- [Work instructions]:
Retype the whole listing exactly. Leave out pictures.

- [Available data]:
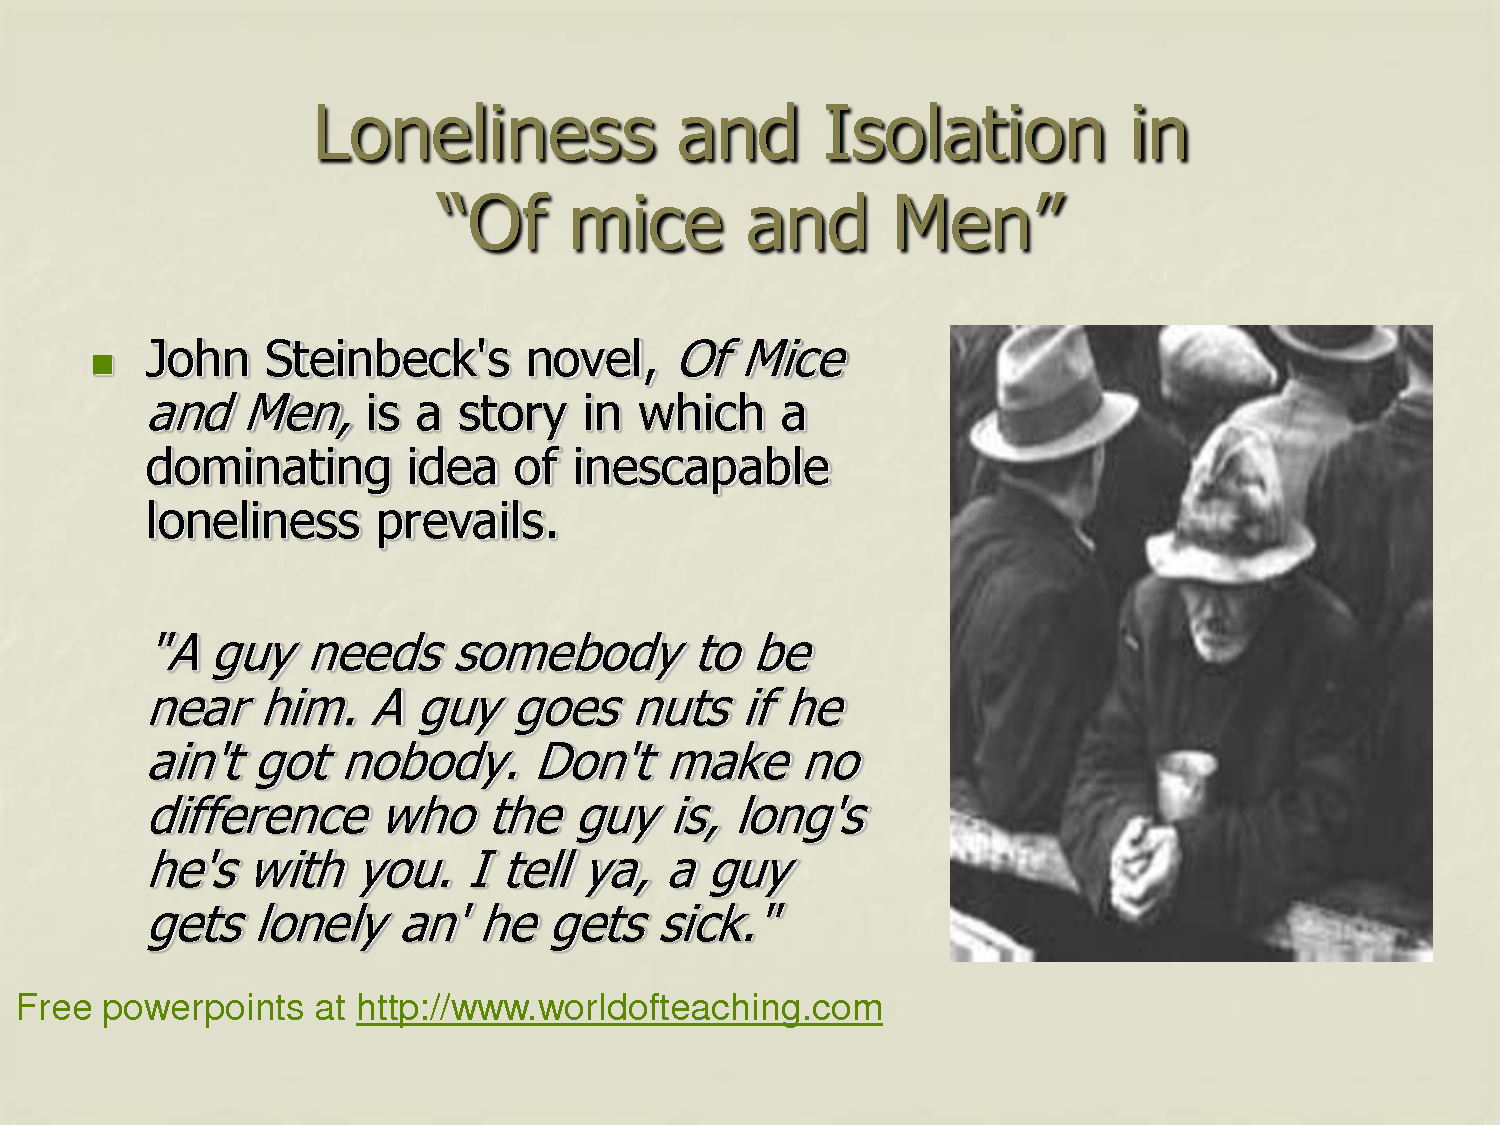 Friendship In Of Mice And Men
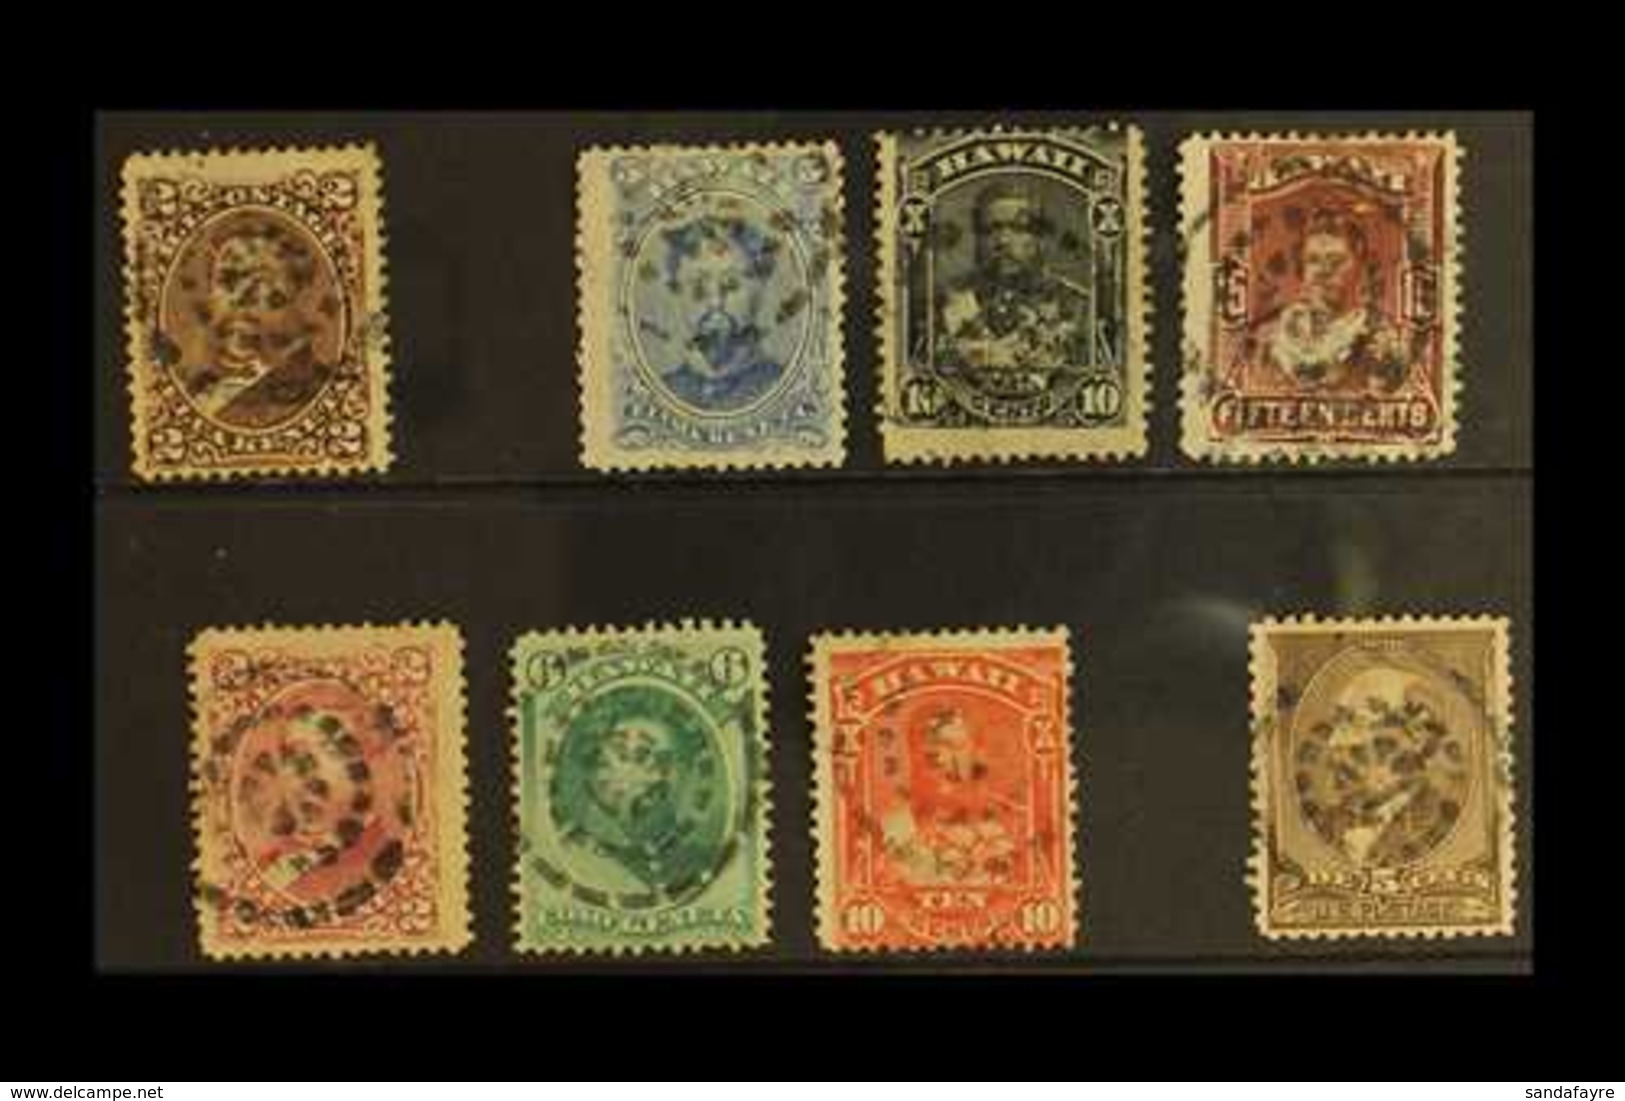 POSTMARKS DISTINCTIVE TARGET STYLE CANCEL On Range Of 1875-86 Issues, All Different With Values To 15c, Plus USA 1882 5c - Hawaï
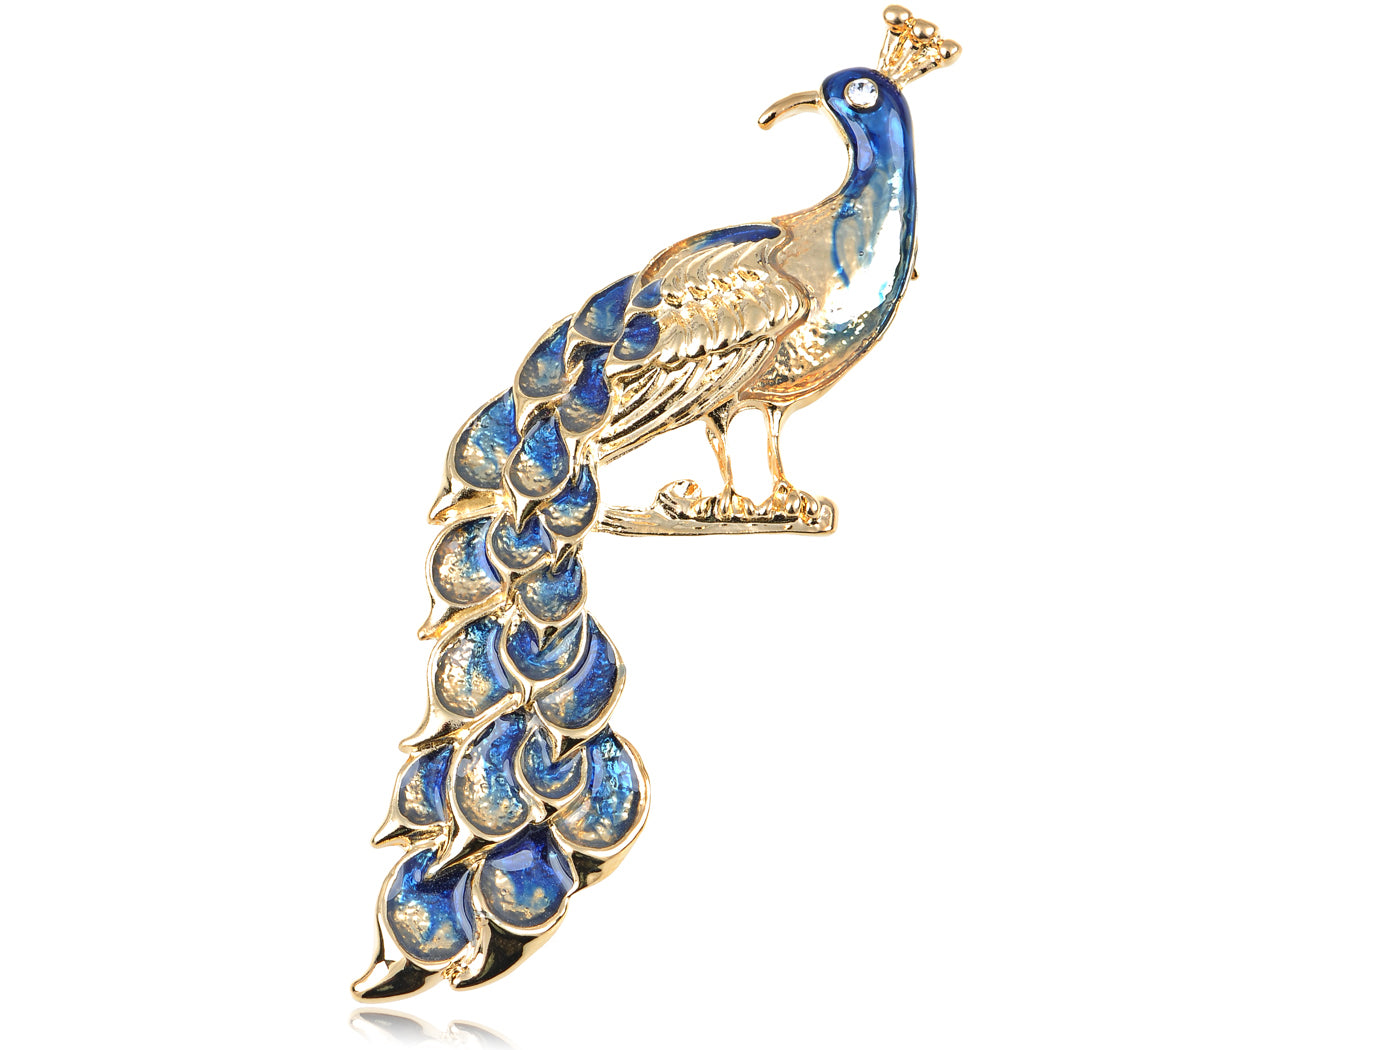 Pearlescent Dark Blue Peacock Tail Feathers Brooch Pin

- [Task response]:
 Friendship In Of Mice And Men
 POSTMARKS DISTINCTIVE TARGET STYLE CANCEL On Range Of 1875-86 Issues, All Different With Values To 15c, Plus USA 1882 5c - Hawaï
 Pearlescent Dark Blue Peacock Tail Feathers Brooch Pin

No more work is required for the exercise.